Brian Acton, the co-founder of messaging service WhatsApp (which Facebook bought in 2014 for $19 billion) is now joining the chorus of the #deletefacebook movement.
A tipster alerted us to the fact that Acton made the same call… on Facebook… as well.
Since the sale of Whatsapp (which has made Acton an incredibly wealthy man), Acton has been actively financing more secure (and private) messaging platforms for users.
Acton has already used some of his Whatsapp wealth to give $50 million to the Signal Foundation.
While some may say it’s hypocritical to reap millions from Facebook and then call for users to jump sip, Acton has always had a penchant for supporting privacy. Back in its earliest days, WhatsApp’s stated goal was to never make money from ads.
June 18, 2012 — WhatsApp blog: Why we don’t sell ads:
No one wakes up excited to see more advertising, no one goes to sleep thinking about the ads they’ll see tomorrow. We know people go to sleep excited about who they chatted with that day (and disappointed about who they didn’t). We want WhatsApp to be the product that keeps you awake… and that you reach for in the morning. No one jumps up from a nap and runs to see an advertisement.
Advertising isn’t just the disruption of aesthetics, the insults to your intelligence and the interruption of your train of thought.
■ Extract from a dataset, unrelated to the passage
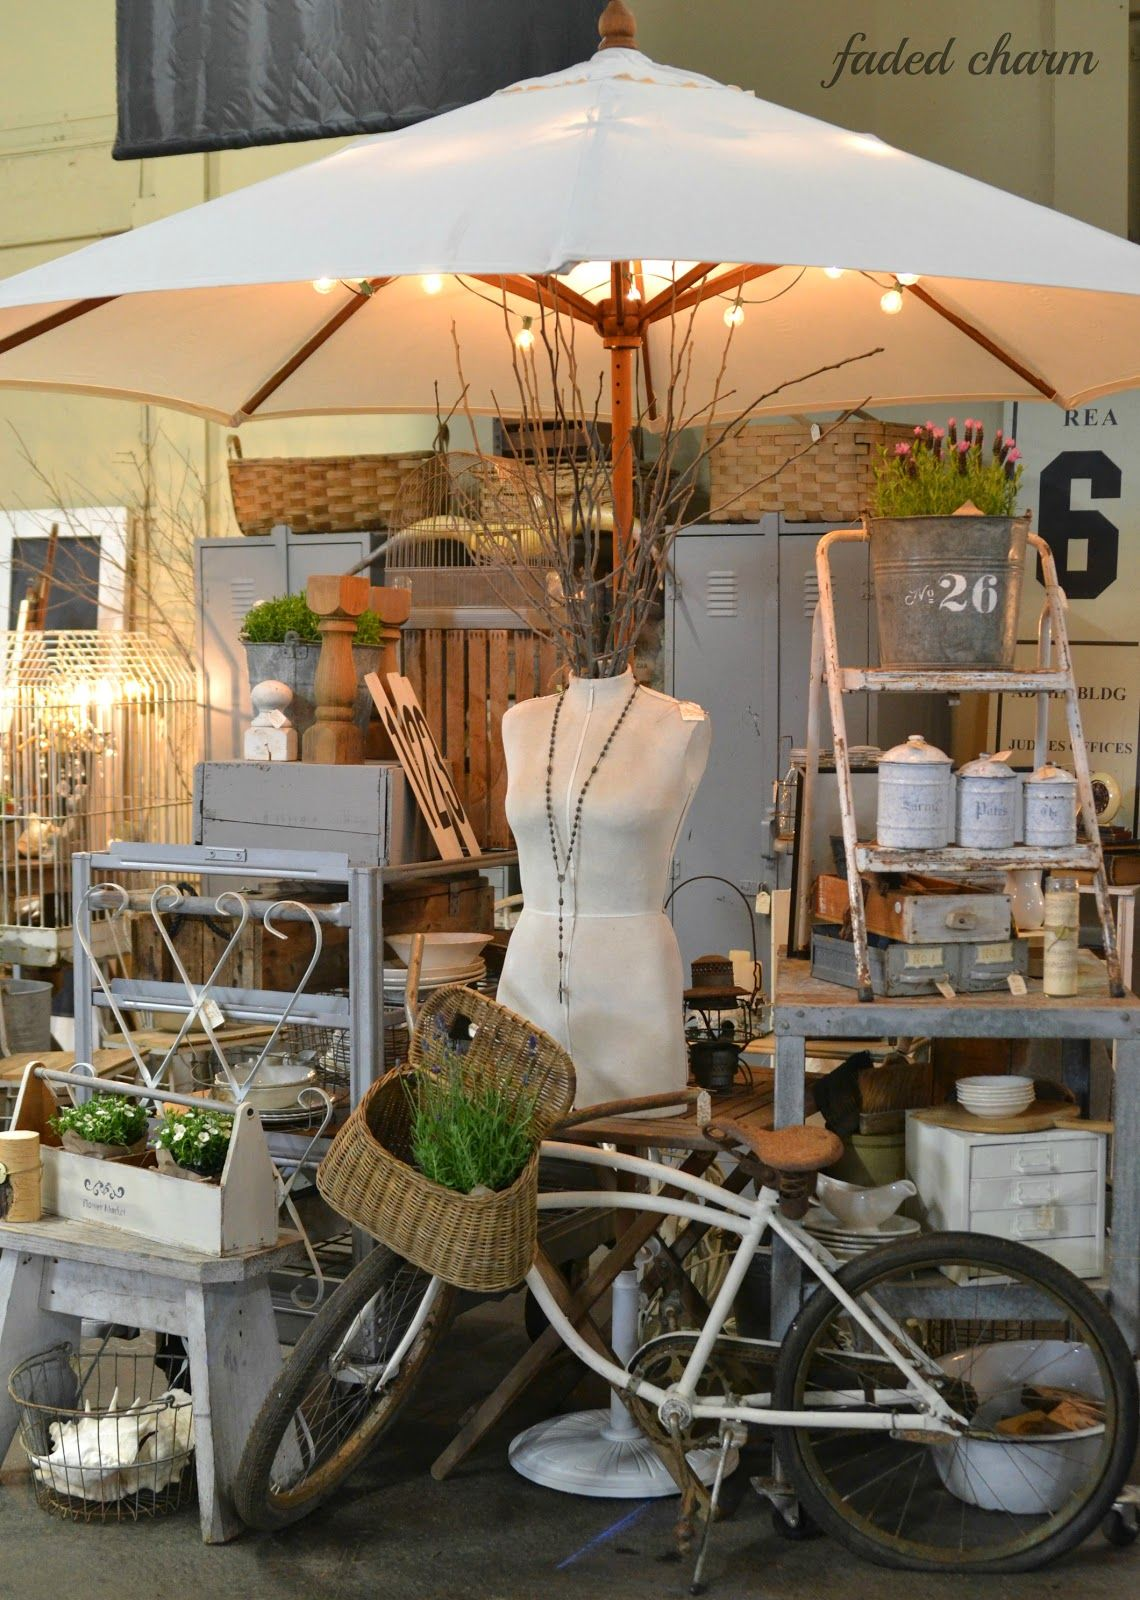 Faded Charm: ~Farm & Frills Show~  Umbrella great idea for the booth #largeumbrella

At every company that sells ads, a significant portion of their engineering team spends their day tuning data mining, writing better code to collect all your personal data, upgrading the servers that hold all the data and making sure it’s all being logged and collated and sliced and packaged and shipped out… And at the end of the day the result of it all is a slightly different advertising banner in your browser or on your mobile screen.
Remember, when advertising is involved you the user are the product.
It may be that this latest scandal was the straw that borked the camel’s back.
I’ve reached out to Acton for comment.